ABC News / Good Morning America recently featured a 72 year-old Centeno-Schultz Clinic patient that underwent two Regenexx-AD and Regenexx-SD treatments. “It’s revolutionary in my mind that my knee corrected after only two treatments. I’m so impressed that you could place my own stem cells in precisely the right place using ultra sound, and that you did it all with only minimal pain to me.” While Regenexx-AD and Regenexx-SD knee procedures in this case eliminated the need for a knee replacement, this is Pat’s personal story, and not everyone can expect this same result:
ABC News Regenexx Knee Stem Cell success story highlighted a Regenexx Patient and the Centeno-Schultz Clinic in a recent news article about Stem Cell treatments. Click here to read the ABC News story.
Prior to ABC’s story, we blogged about Pat’s experience vs. that of her friend, who chose to undergo surgery. Read on…
Recently we saw Pat (she has given us permission to use her name) for moderate knee osteoarthritis. The story of Pat and her friend is very interesting, so she recently wrote us a letter and I wanted to highlight it here. She met with her friend Jo last July for lunch. During that meeting, she learned that both of them had been told they needed a knee replacement. While Pat had done research on the internet and looked for alternatives to knee surgery, Jo stated that after discussing the pros and cons of both, she would stick with what she called the “old tried and true method of surgery”. So Jo went off to get a knee replacement and Pat decided to have us inject her own stem cells into the knee. Pat’s friend hasn’t had a good time of it (letter from Pat about knee replacement surgery vs stem cell injections linked here). First, during the knee replacement surgery her nerve was tragically severed. Because of the extended immobilization in the hospital bed (she couldn’t walk because her toes no longer worked), Jo then developed blood clots in her legs which traveled to her lungs (called pulmonary embolism, a common complication of knee replacement and hip replacement surgeries). One month after the knee replacement surgery, they were still trying to get the medication dosing right to dissolve Jo’s blood clots. As I’ve blogged before, in the Medicare population alone in the year 2008, 27,500 people had serious complications from knee replacement (which includes 5,000 deaths). How did Pat do with her much less invasive stem cell injection procedure? Pat walked into the clinic and was examined. Based on her MRI images, a musculoskeletal ultrasound examination, and physical exam, we planned what type of stem cells to use and where exactly they would go. The patient had a Regenexx-AD and Regenexx-SD procedure (both injections). She walked out of the clinic both times, with a brace on her leg and she was never bed ridden. Let me use her own words:
“My experience with the Centeno-Schultz Clinic has been so positive I almost feel guilty when I visit Jo. It’s embarrassing that I’m walking around her, free of pain, on a knee that’s already fixed, while she’s in a world of trouble. It’s revolutionary in my mind that my knee corrected after only two treatments. I’m so impressed that you could place my own stem cells in precisely the right place using ultra sound, and that you did it all with only minimal pain to me.”

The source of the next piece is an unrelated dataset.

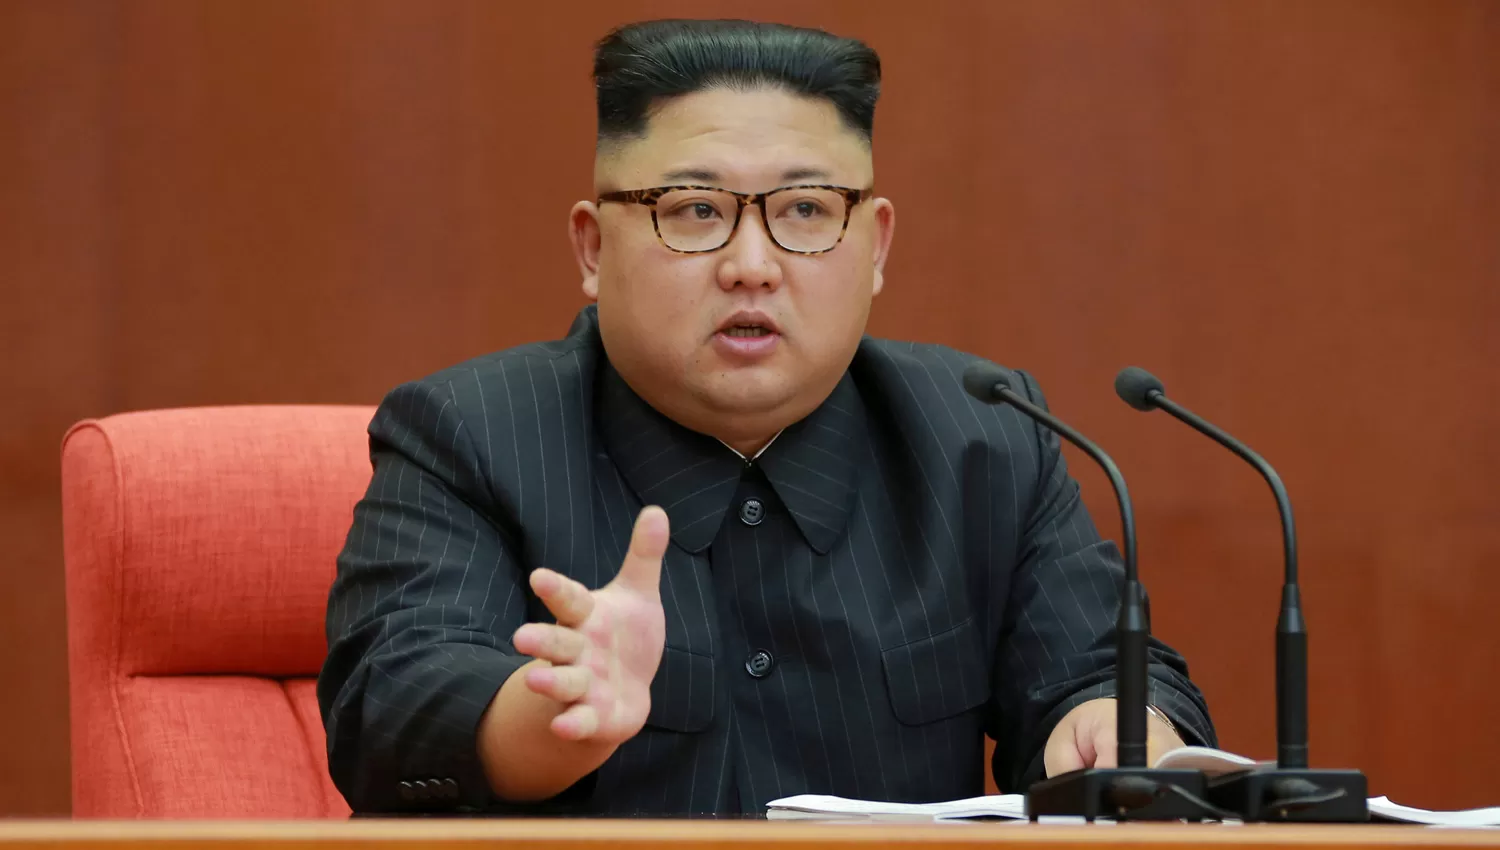 PARA LA DEFENSA. El Gobierno norcoreano, que Kim Jong Un, realizó diversas pruebas nucleares en el último año y estas acciones militares fueron miradas con recelo desde occidente. REUTERS

While these two patients aren’t a representative scientific sample, we have published and continue to publish our complication rates, which are dramatically less than knee replacement surgery. What this tale of two friends does illustrate, is what we believe is a better way to approach some patients who have been told they need knee replacement surgery.
NOTE: Any case reports or patient results presented on this web-site are not indicative of all patient results. Like any medical procedure, Regenexx SD and Regenexx AD knee procedures have a success and failure rate.